To assess the performance of the proposed approach, the proposed RBF-TLLH was applied to the driving fatigue classification dataset and compared with the state-of-the-art neuron network models, including the RBF based on the ROLS+D-opt algorithm (RBF-ROLS+D-opt) (Chen et al., 2003), three-layer forward ANN with back-propagation (ANN-BP) (Zaw et al., 2019; Zhang and Pu, 2020), and three-layer forward ANN with PSO optimization (ANN-PSO) (Li and Liu, 2016). The RBF based on the ROLS+D-opt algorithm (RBF-ROLS+D-opt) has been widely used because of its robustness, sparsity of the parameters, and easy implementation (Chen et al., 2003). ANN-BP has the ability to approximate the non-linear function with arbitrary accuracy; therefore, it has been widely applied to various classification problems (Zaw et al., 2019; Zhang and Pu, 2020). The three-layer forward ANN with PSO optimization (ANN-PSO) is also widely used due to its advantages such as easy implementation, fewer adjustment parameters, and fast convergence (Li and Liu, 2016). The initial weights and thresholds are generated randomly within the interval [−1, 1] in the ANN-BP, the maximum epoch is set to 1,000, and the learning rate is 0.01. The MSE of the training data set is minimized as the objective function in the ANN-PSO. The variable parameters range is set to [−1, 1], the swarm size is set to 30, and the evolutionary iterations are set to 60. According to the empirical formula, the hidden nodes of these two ANN classifiers are both set to 30. In addition, in order to prevent over-fitting or over-training in the ANN network, a validation-based early stop strategy is used to select the best training parameters. Figure 5 shows the MSE curve of the training set and the validation set for classification. It can be seen that the best iteration number of the ANN-BP is 79, and the best iteration number of the ANN-PSO is 43, for this training result, according to the MSE curve of the validation set.

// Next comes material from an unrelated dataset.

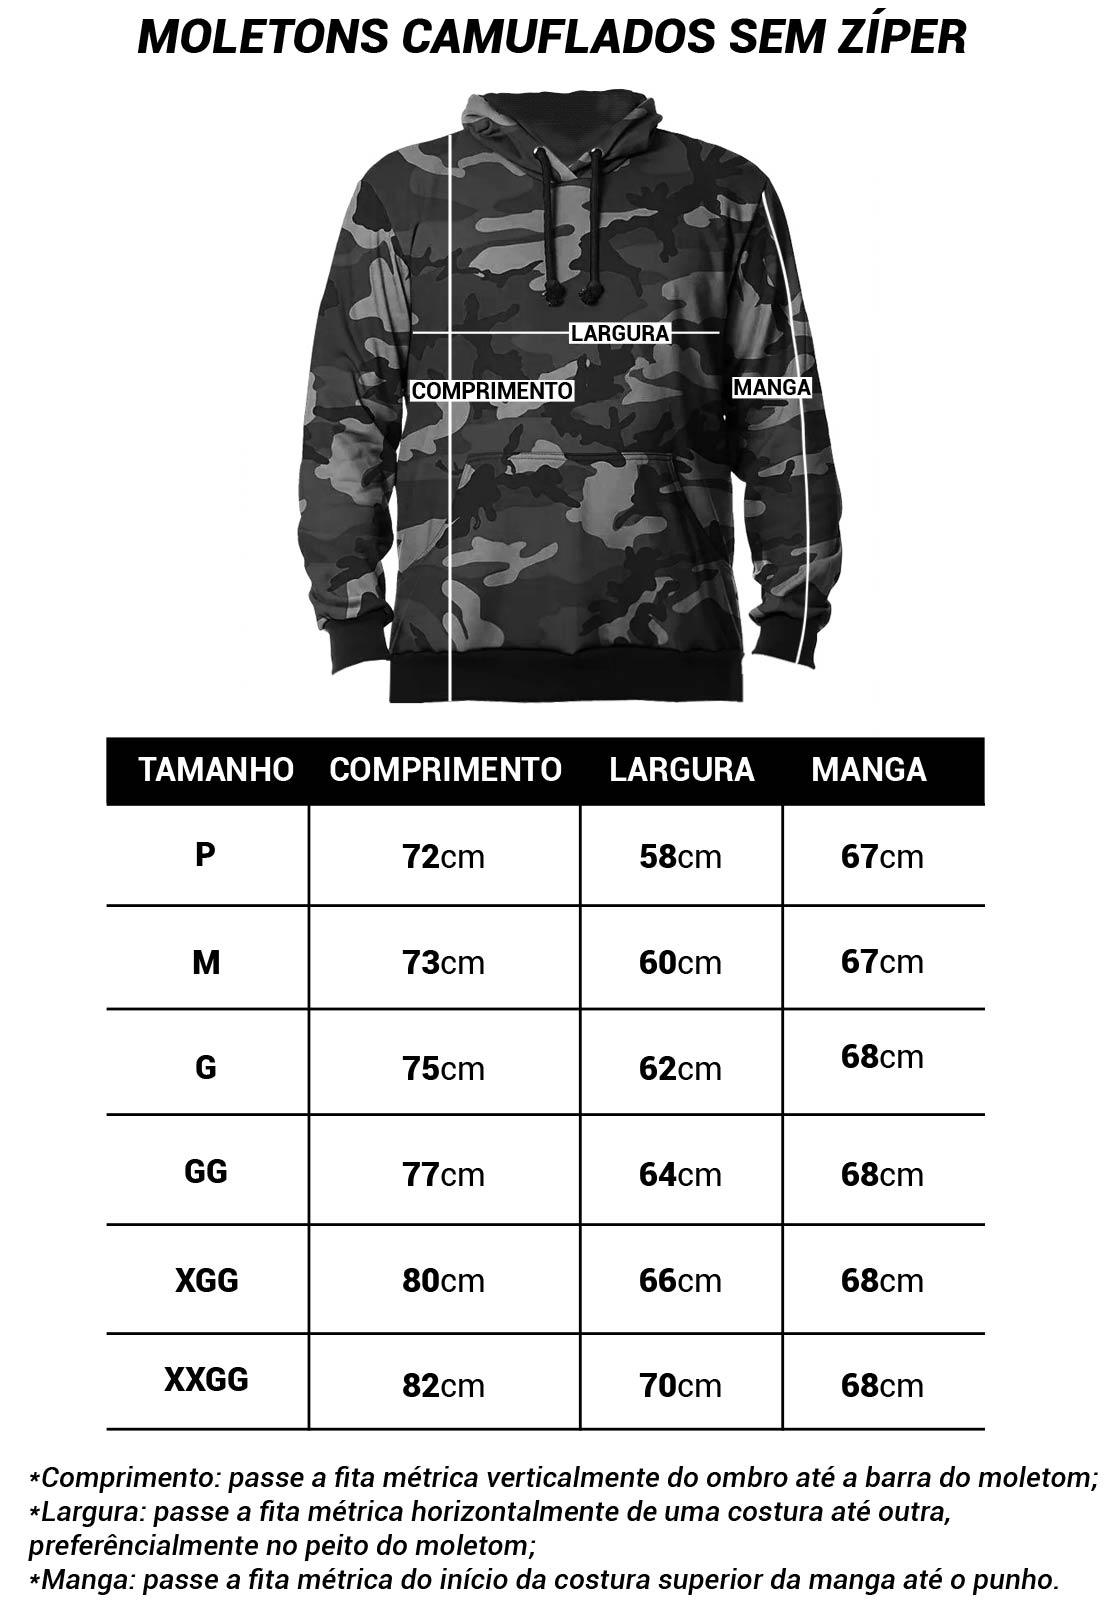 MOLETOM CAMUFLADO URBANO BLACK MASCULINO FECHADO  - REAL HUNTER OUTDOORS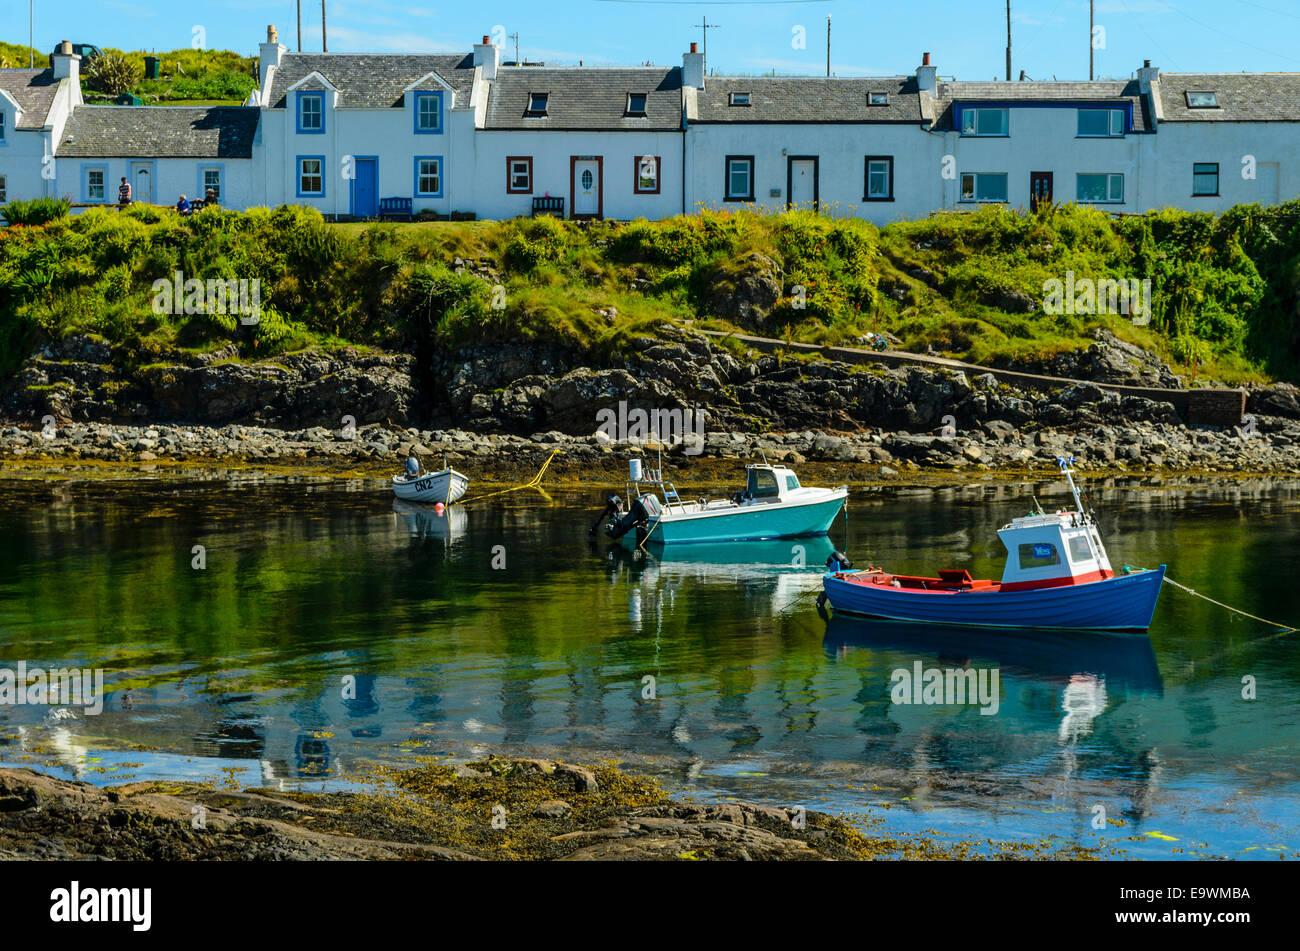 Fishing boats at Portnahaven on the island of Islay Scotland - Stock Image

**Figure 5**. Mean square error (MSE) of the training and validation set for the early stopping of the classifier. **(A)** Training and validation MSE of artificial neural network (ANN)-back-propagation. **(B)** Training and validation MSE of ANN-particle swarm optimization.

The regularization technique is employed in criterion function (4) in the proposed TLLH-RBF to prevent the over-fitting problem and improve the classification accuracy of the RBF network. The D-optimality cost is introduced to further enhance the efficiency and robustness of the selected subset model. The parameters, including the RBF width, regularization parameter, and D-optimality weighting parameter, are, respectively, set within range,ρ ∈ [1, 220], λ ∈ [10^{−7}, 1], and β ∈ [10^{−7}, 1], and optimized using the PSO. The swarm size *p* of PSO is set to 15, and the number of evolutionary iterations is set to 30. For further comparison, another RBF network classifier based on the ROLS+D-opt algorithm is also designed, where the width and D-optimality parameters are determined asρ = 110 and β = 10^{−4}, respectively, by the trial-and-error method, whereas the regularization parameter λ is estimated by the Bayesian approach (MacKayi, 1992; Chen et al., 1996).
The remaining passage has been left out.